◆ What the exercise asks: Everything in the data below except the pictures must be repeated word for word.

◆ Information provided:

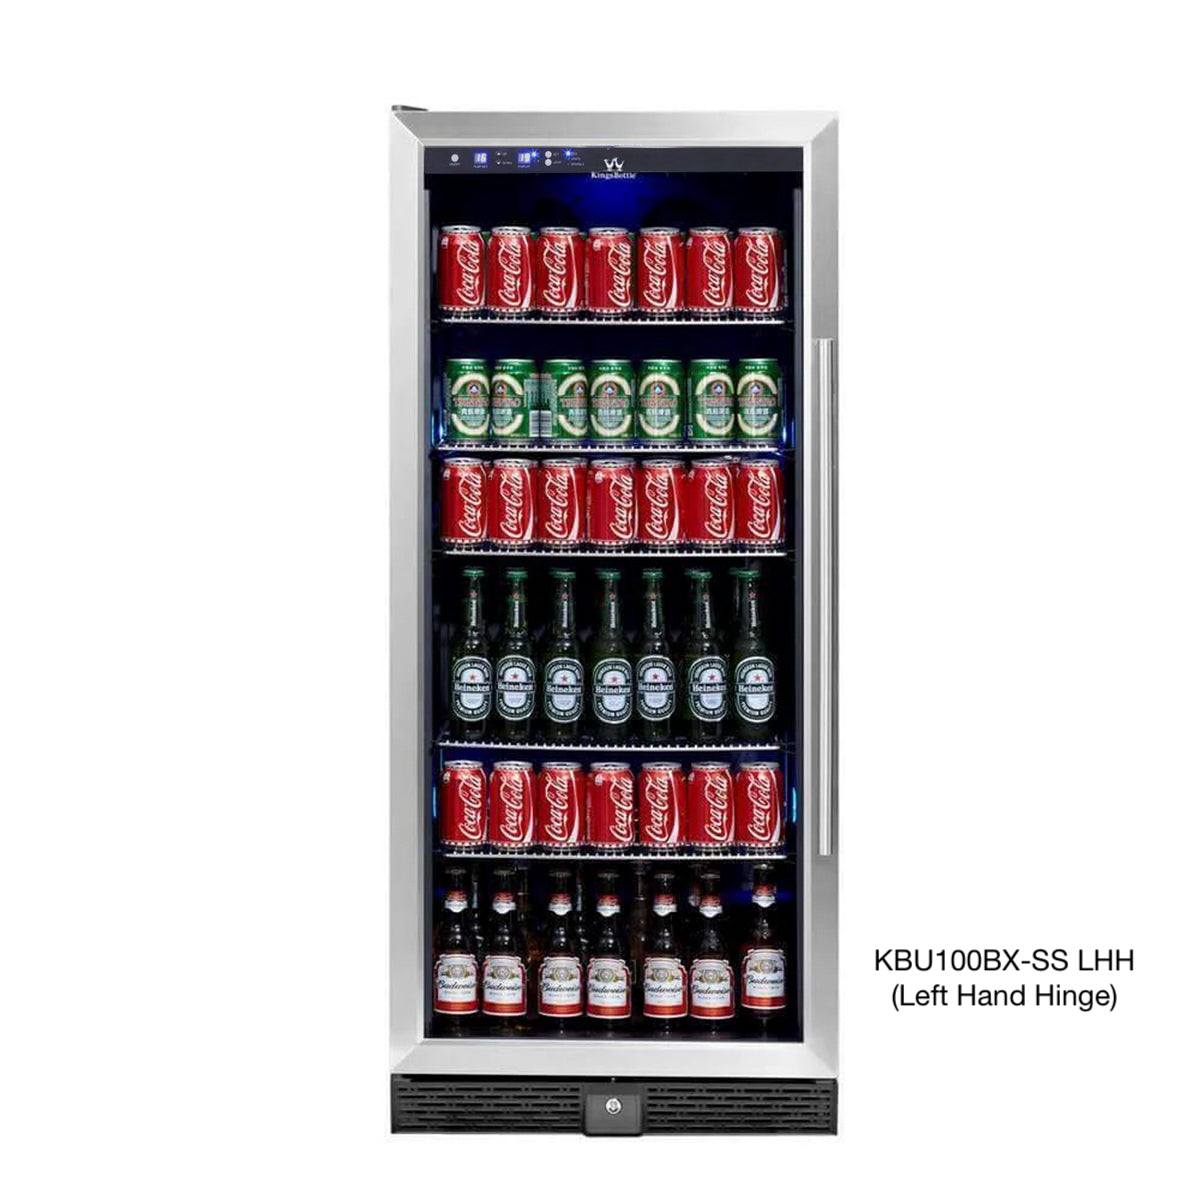 A Kings Bottle 56" Tall Single Zone Beverage Fridge Center with a glass door filled with 484 cans and bottles.
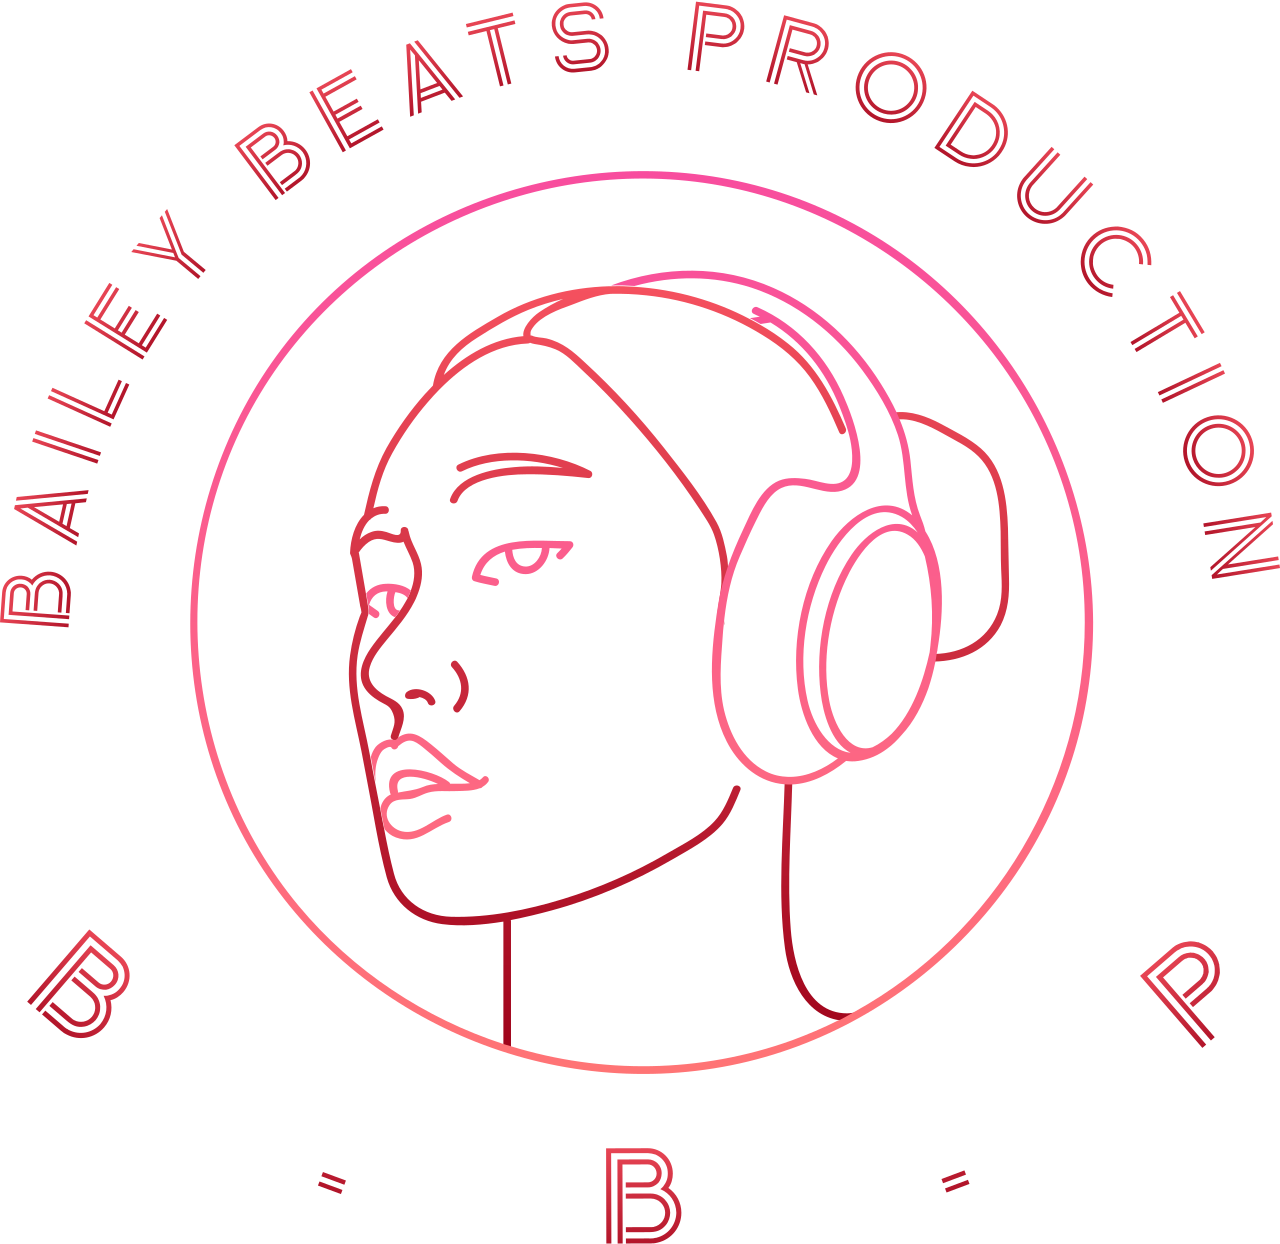 BAILEY BEATS PRODUCTION 's web page
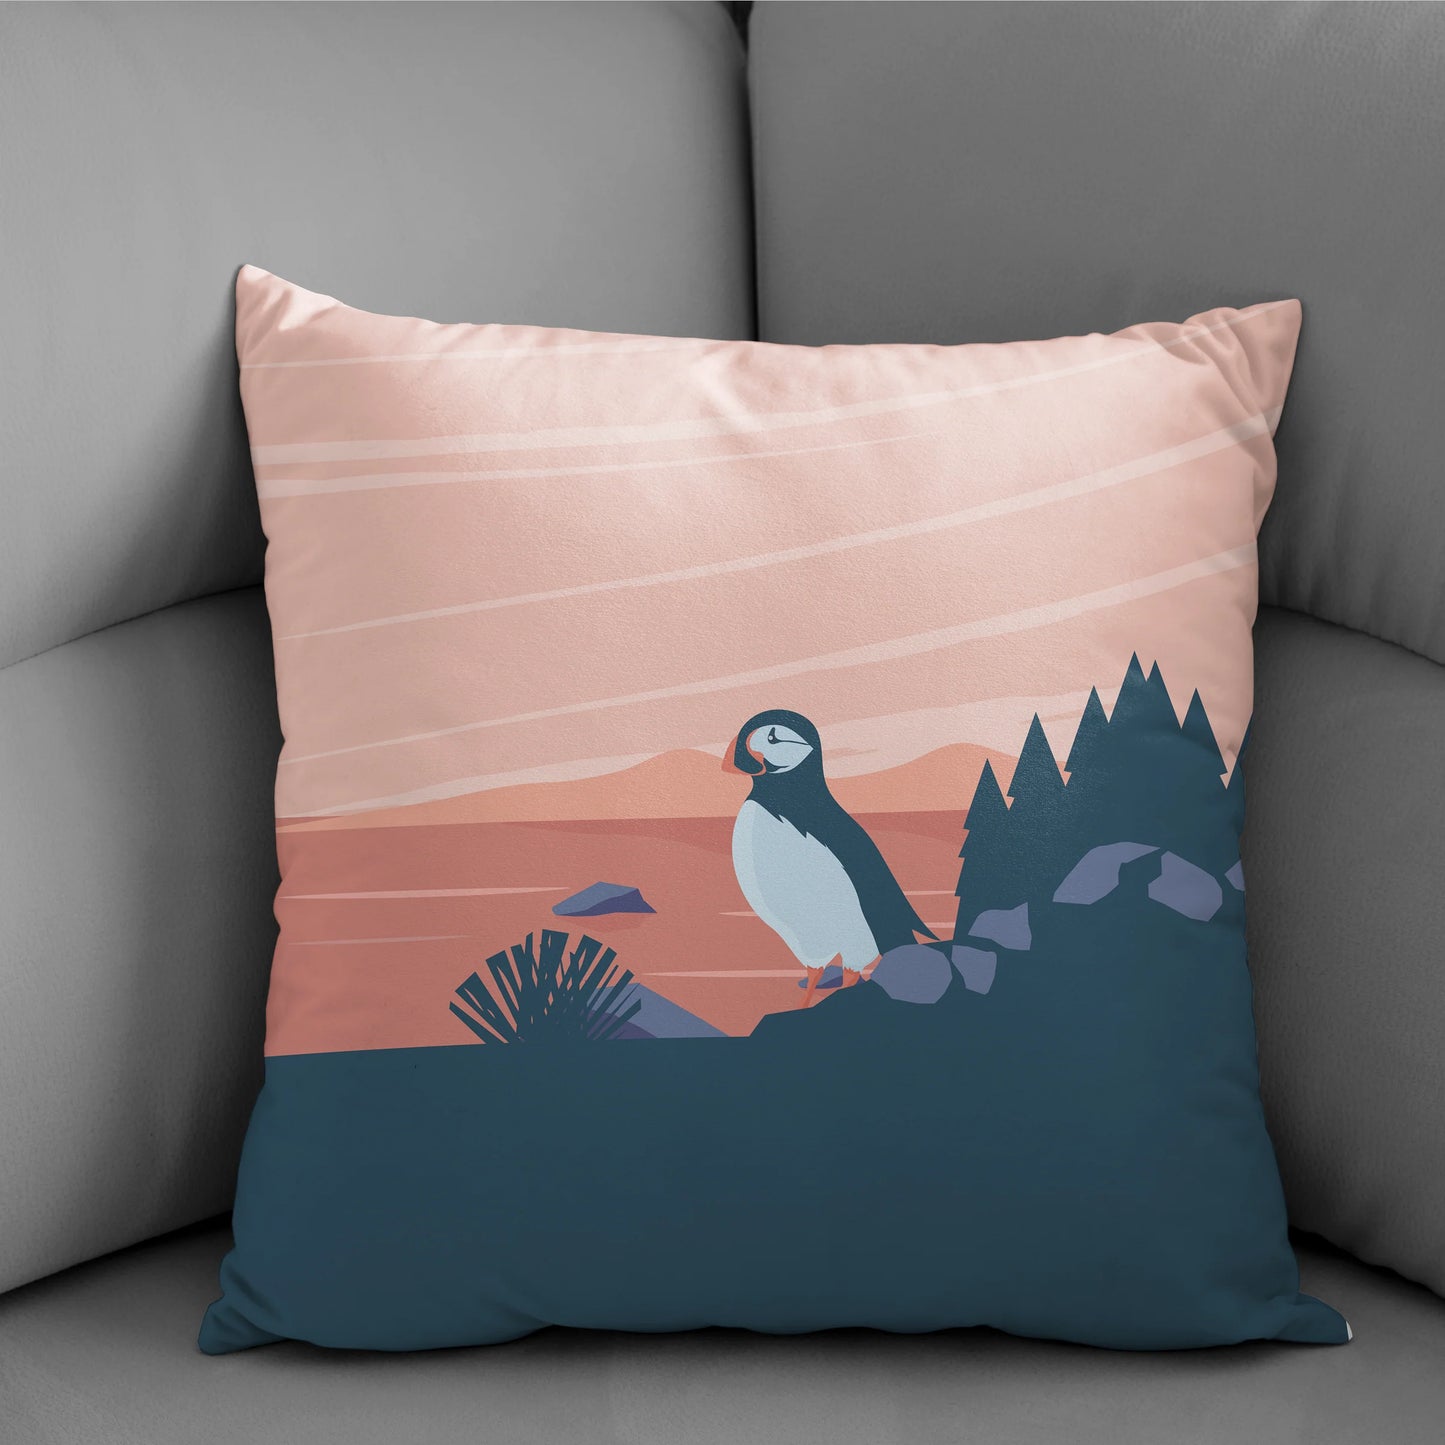 Cushion Cover - Personalised Sample

◆ Response area:
 A Kings Bottle 56" Tall Single Zone Beverage Fridge Center with a glass door filled with 484 cans and bottles.
 BAILEY BEATS PRODUCTION 's web page
 Cushion Cover - Personalised Sample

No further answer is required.